For the benchmark gene regulatory network in the DREAM challenge [5, 21], we presented the results to demonstrate our proposed method as follows. The simulated gene expression data were generated by designed regulatory network structures shown in Fig. 4 a, which contains a cycle of ‘gene 5 → gene 6 → gene 8 → gene 7’. We implemented our method to access the consistency between the time course expression data and the gene regulatory network. For two conditions of perturbation and normal, the standard network structure achieved its significance P ‐values of 0.0072 and 0.0034, respectively. In the perturbation data, the distribution of likelihood value in these random samplings of network structures is shown in Fig. 4 b. The results provided evidence of the high consistency between network structures and its corresponding gene expression data. Compared with the original goal in the ‘in silico’ network challenge of inferring gene regulatory network from simulated expression data, we evaluated the significance of the consistency between regulatory structures and gene expressions. From the results, we identified the consistency underlying the structure of regulations with the gene expression data. The significant gene regulatory network structure responsive to specific gene expression was identified effectively. The results also indicate the rationale of inferring gene regulatory networks from expression data.
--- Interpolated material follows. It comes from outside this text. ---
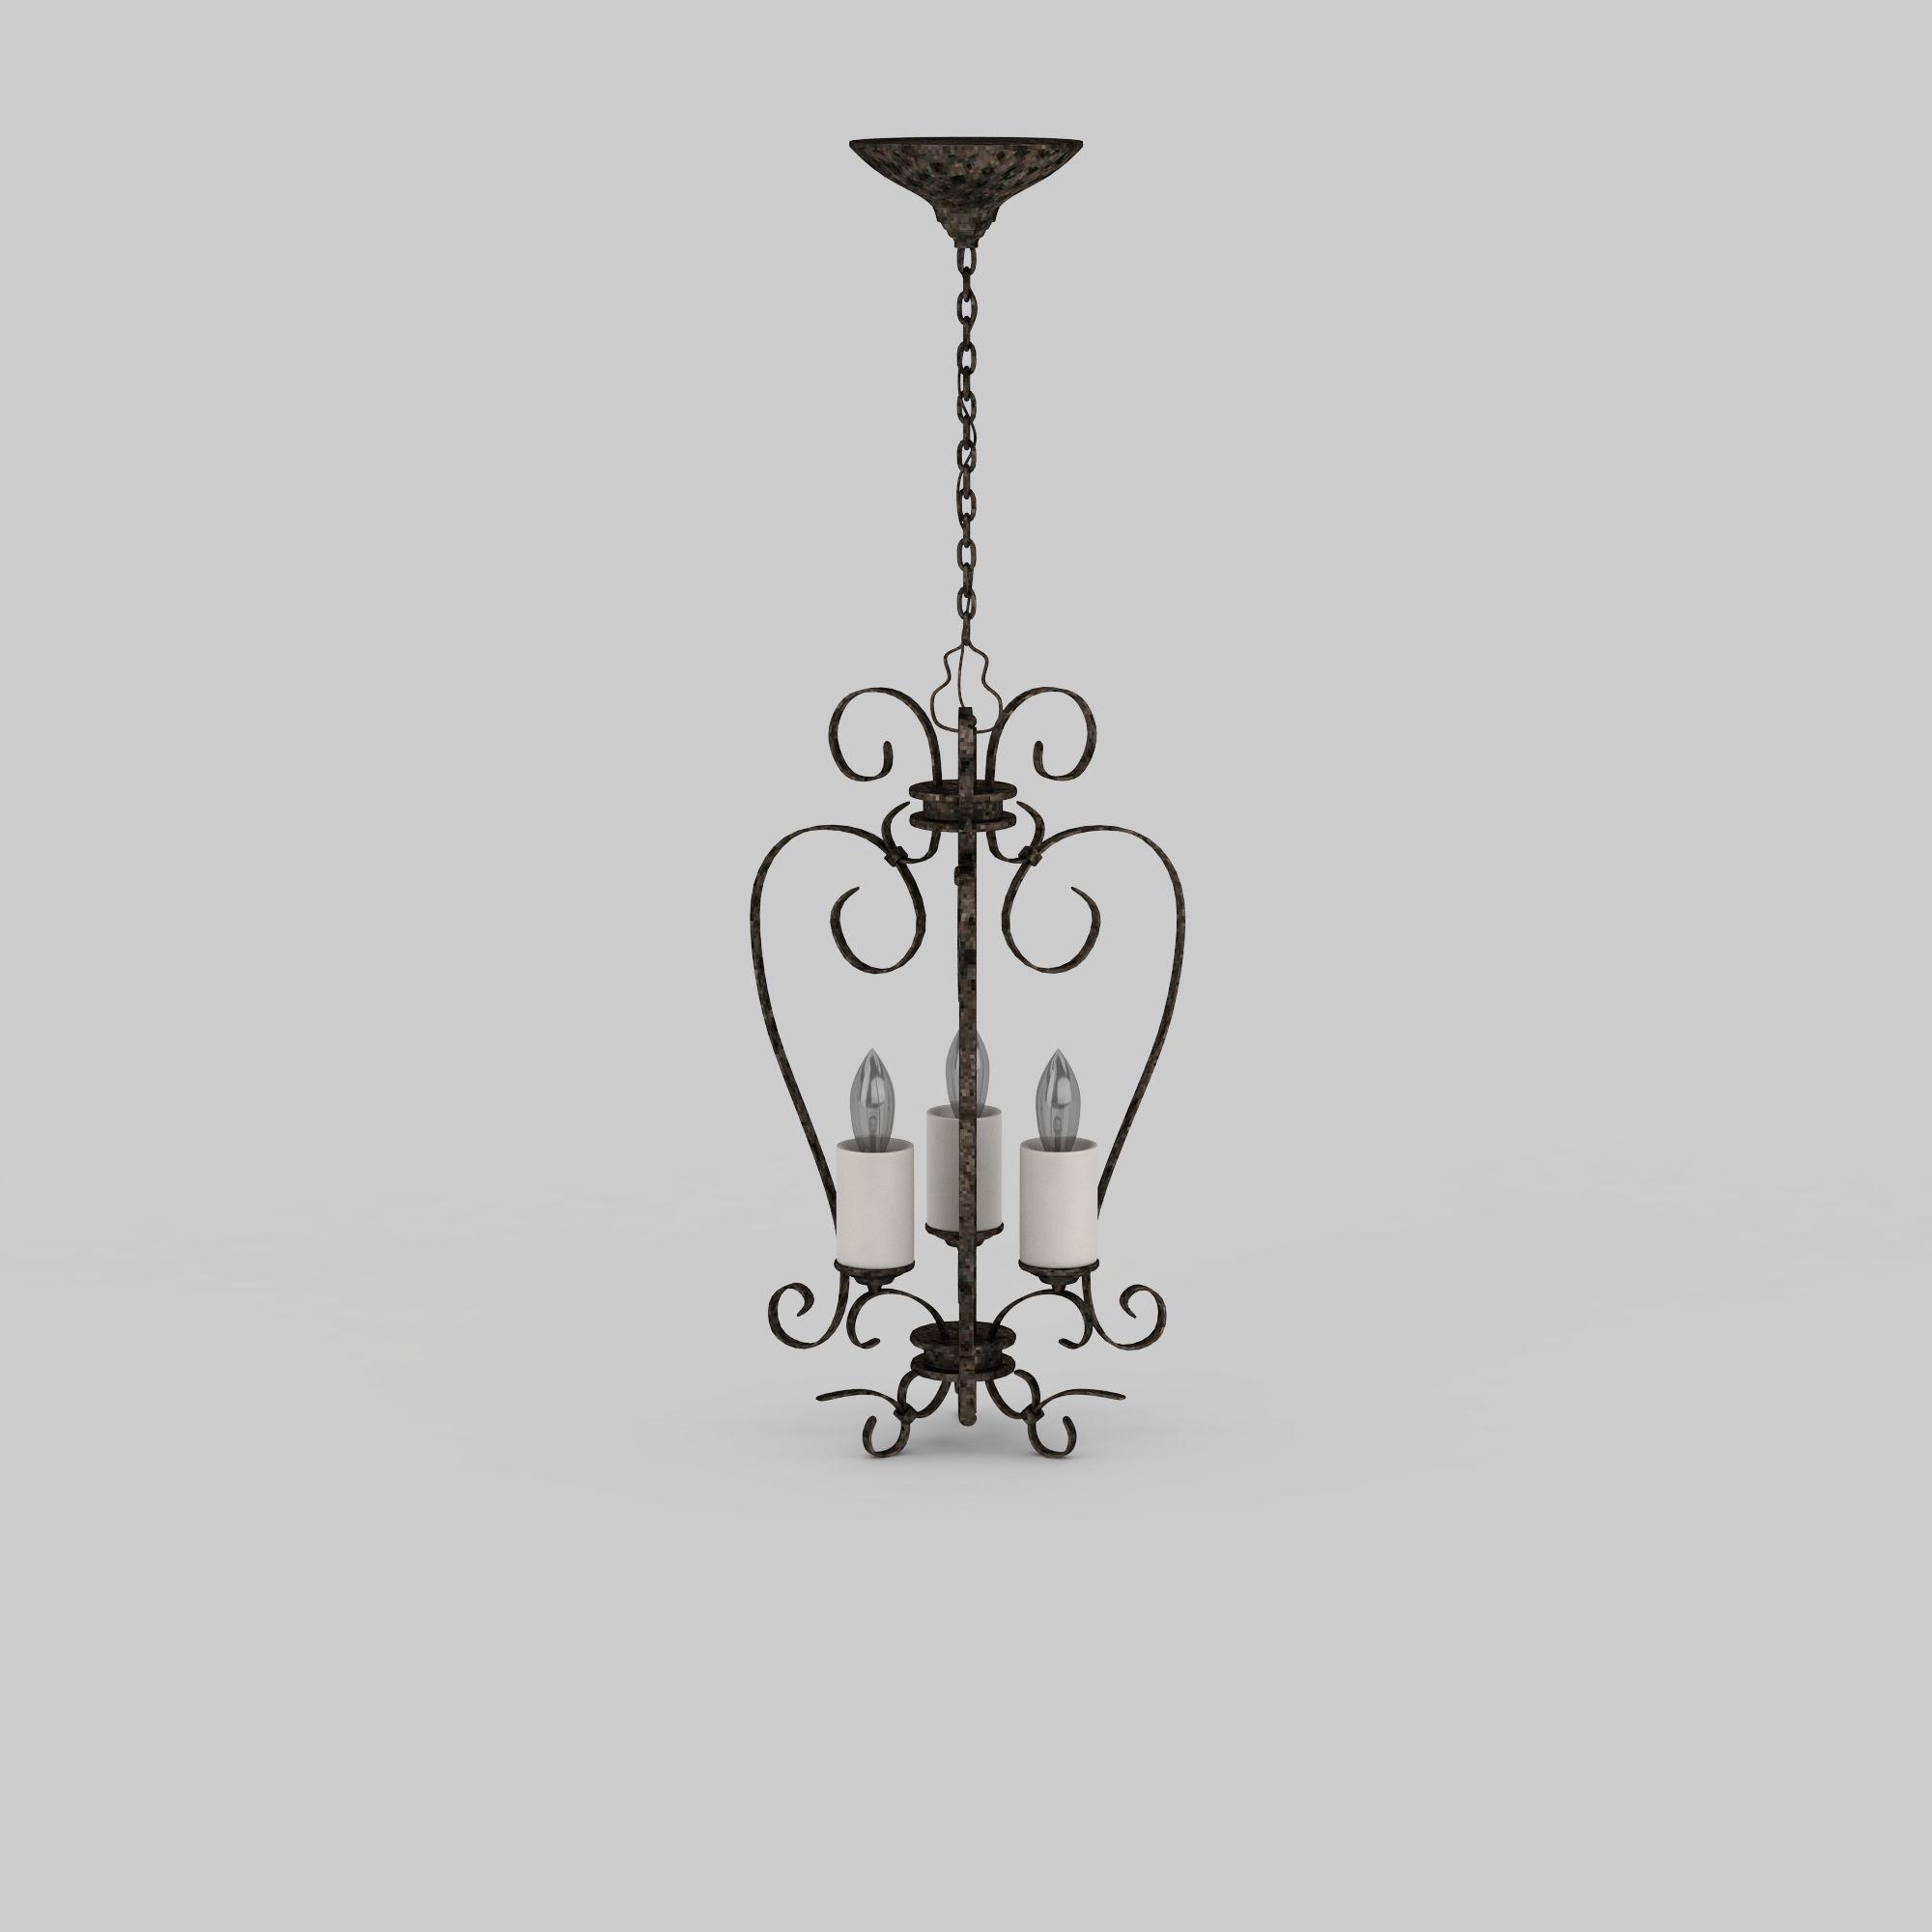 灯具 吊灯 欧式风格吊灯3d模型 欧式风格吊灯png高清图  欧式风格吊灯图片

3.2 Significant regulatory networks in real gene expression data
To test the effectiveness of our method in real time course gene expression data of circadian rhythm, we implemented the proposed method to identify the significantly responsive regulatory networks enroled from KEGG [8]. Fig. 5 shows the documented regulatory network of circadian rhythm. Obviously, it contains cycles and loops. The gene expression data of circadian rhythm in rat lungs can be divided into two segments, that is, light and dark, in the rhythm of 24 h. Each knowledge‐based gene regulatory network was evaluated by calculating its consistency value with gene expression profiling data in light and black segments, respectively.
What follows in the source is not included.